Have you ever thought to yourself, 'gee, I wonder what it would be like if (insert name here) had a blog?' Or, maybe you're one of those established residents of the blogosphere that keeps an eye out for new, especially interesting arrivals ... someone who brings a unique perspective, or a wealth of knowledge and experience to their posts.
Be careful what you ask for ...
One can't help but be attracted to the unblinking honesty that crops up from time to time in someone's weblog. True, some bloggers imagine themselves to be a notch above the rest, as close to perfection - in every way - that a person can get. But then there are those that concede their shortcomings, their anxieties, their disappointments, their hopes unrealized, their goals unaccomplished.
Some posts you come across are very, very angry .... some are very, very funny ... and some are very, very sad. Then there are those that, when read in the light of current events, are very, very frightening.
Blogging the Fifth Nail, for example ...
"... My blog entries lately are erratic and full of a lot of B.S., for that I apologize. I am just trying to put down what is in my head, regardless. As far as 'taking people with me' well, I don't know if that is right or wrong. In fact, I don't know much any more what right and wrong even is. My view is either everything is right (in some regard) or everything is wrong (in some other regard). The question (one I am struggling with at this point) is, 'Does it matter?' ..."
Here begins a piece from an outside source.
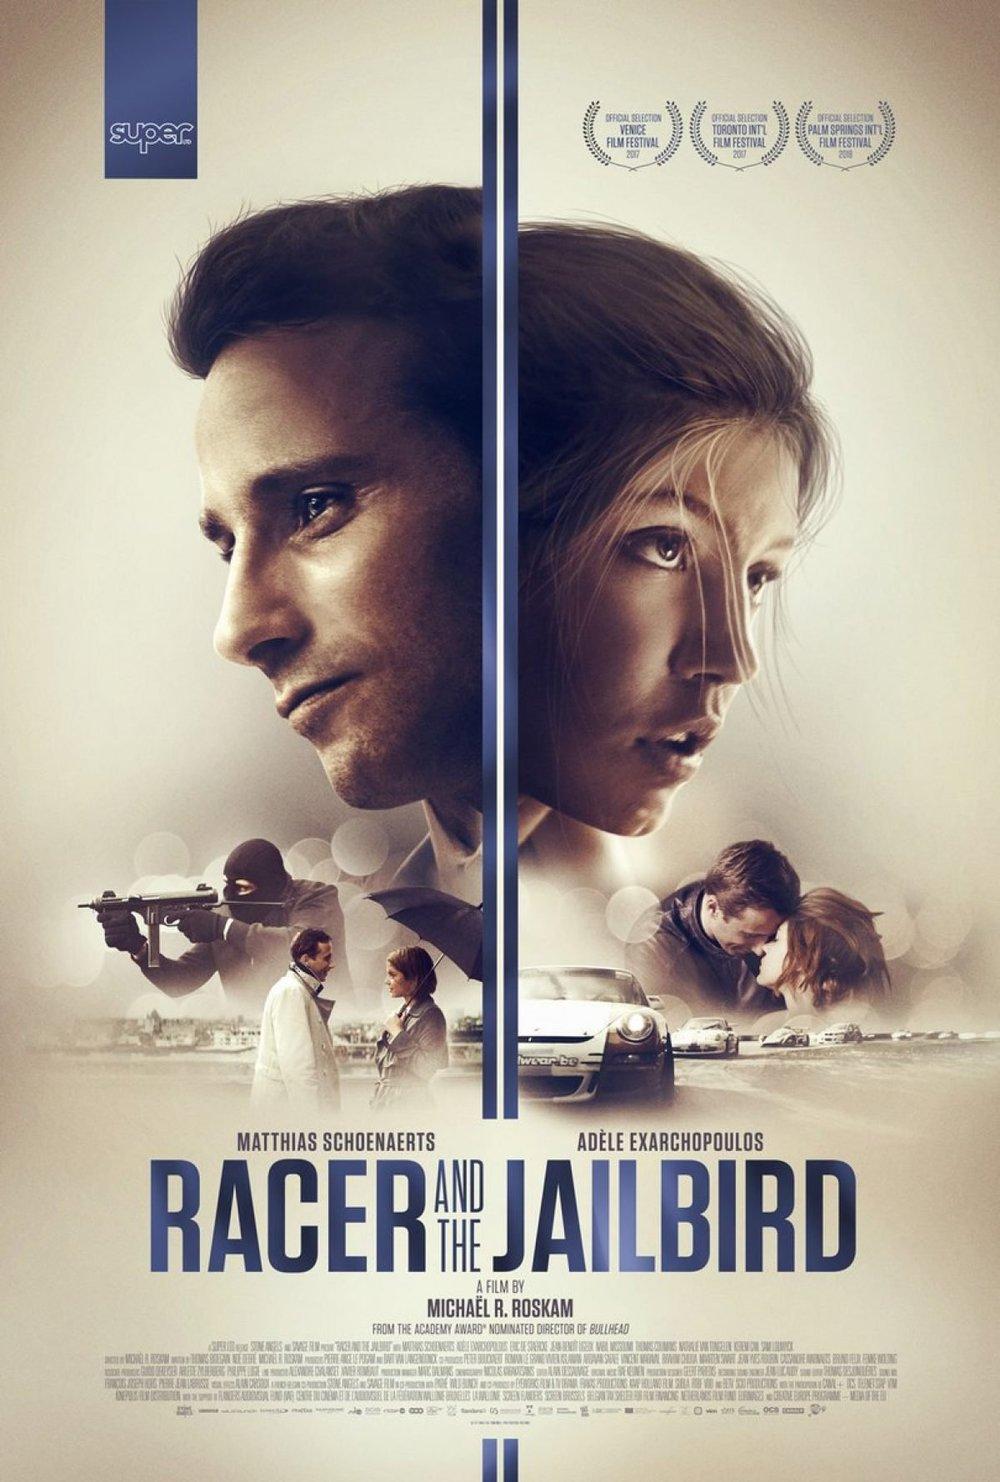 Racer_Jailbird_Poster_1200_1778_81_s.jpg
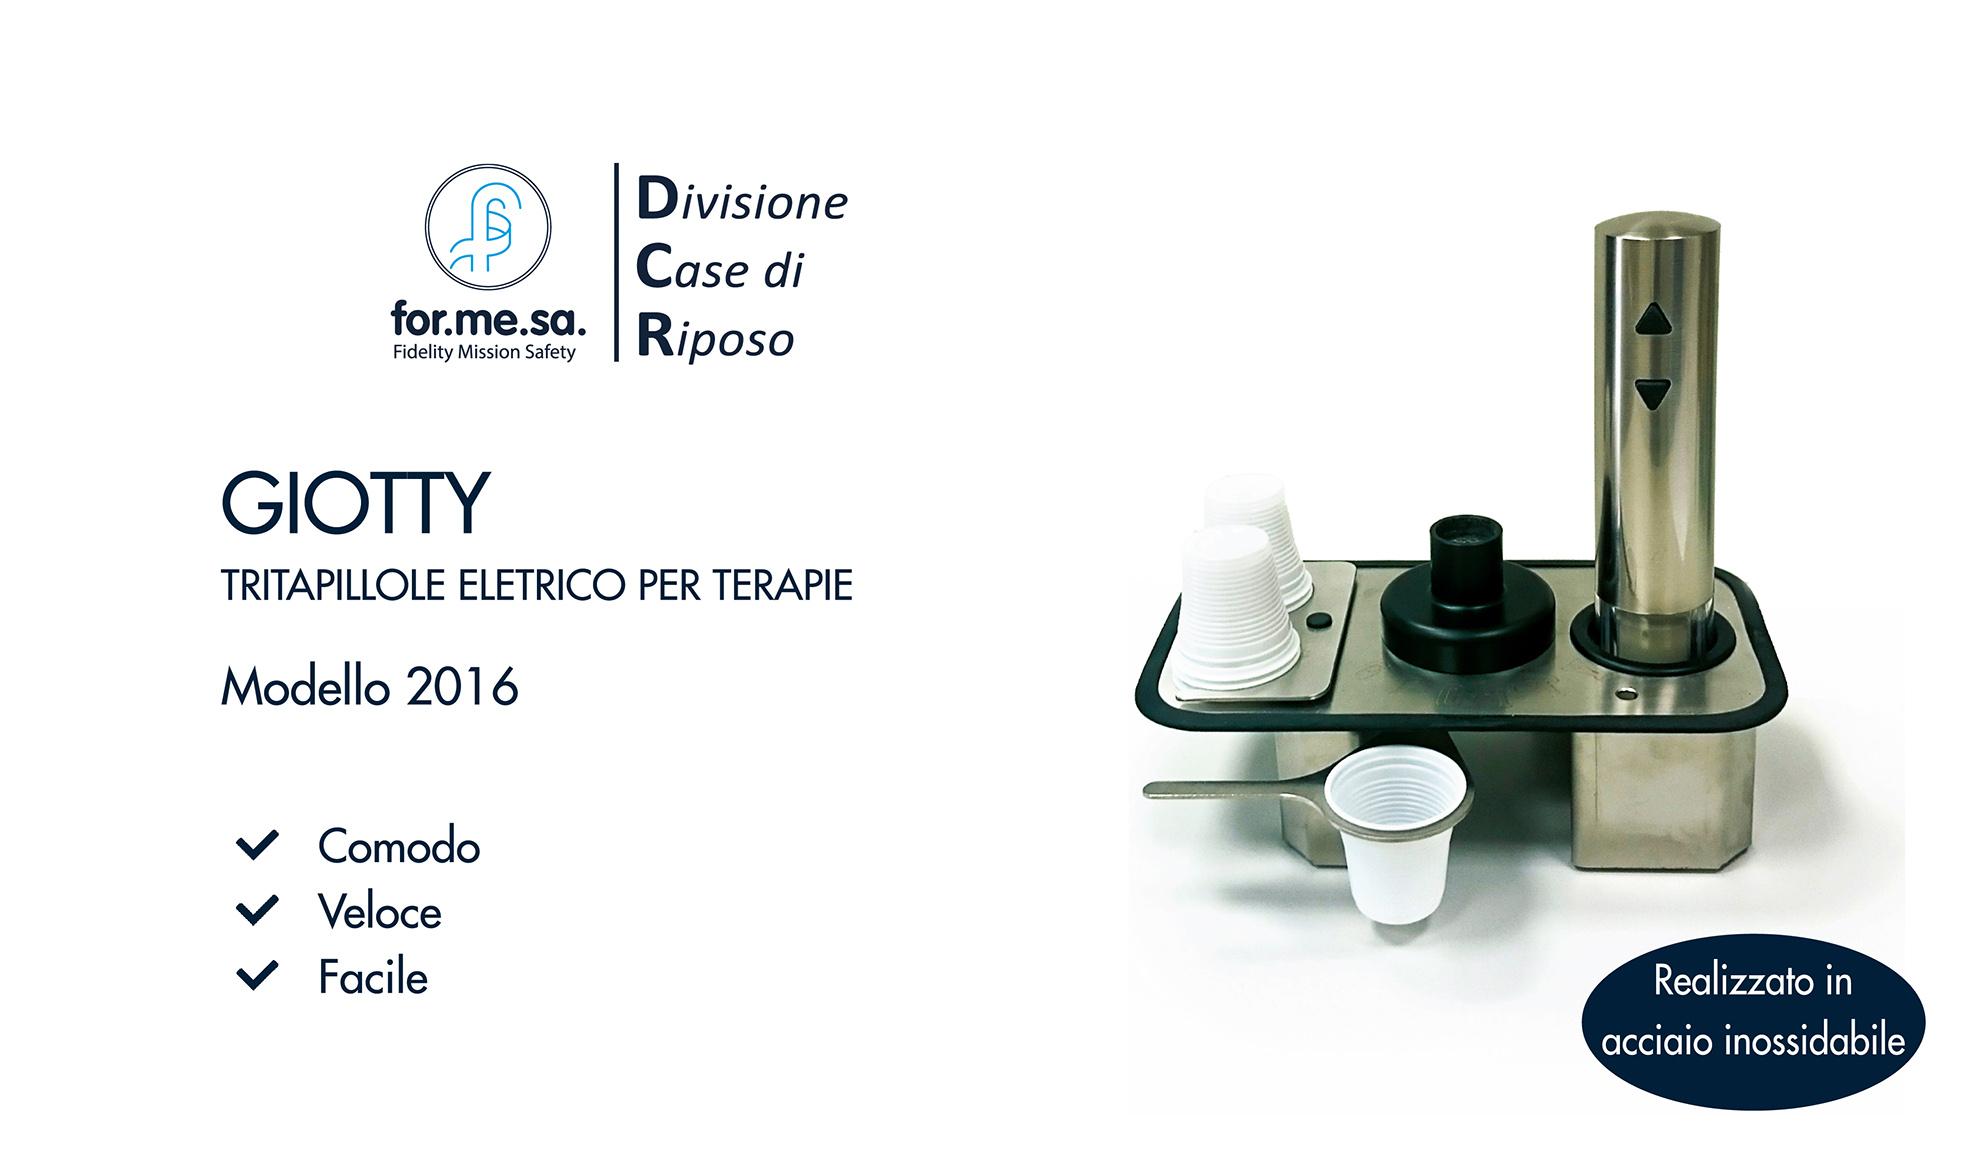 Giotty-2016-tritapillole-elettrico

Dated Friday, May 13, 2005, this was the last entry posted to "Fifth Nail." Two days later, Dylan and Shasta Groene were taken from their Idaho home and their family members killed. Police now believe that their suspect in the murder/abduction, and the author of "Fifth Nail," are one and the same ... convicted sex offender Joseph Edward Duncan III.
The Associated Press reports, "police concluded that Duncan was the author of the journal based on interviews of people who knew him and on the Internet Protocol address - an identifying number specific to a computer - that was used to establish the blog." (Read the Complete Story)
Letters and journals are nothing new in providing a record of a criminal's actions and state of mind. But I think this may represent something of a first, that such an account is left open on the internet forum, placed there by someone accused of a string of horrific acts. For now, "Fifth Nail" is still up-and-running ... BUT I HAVE TO WARN YOU ... the language, the profanity is very, very strong in the comments that people are now posting by the hundreds, even thousands.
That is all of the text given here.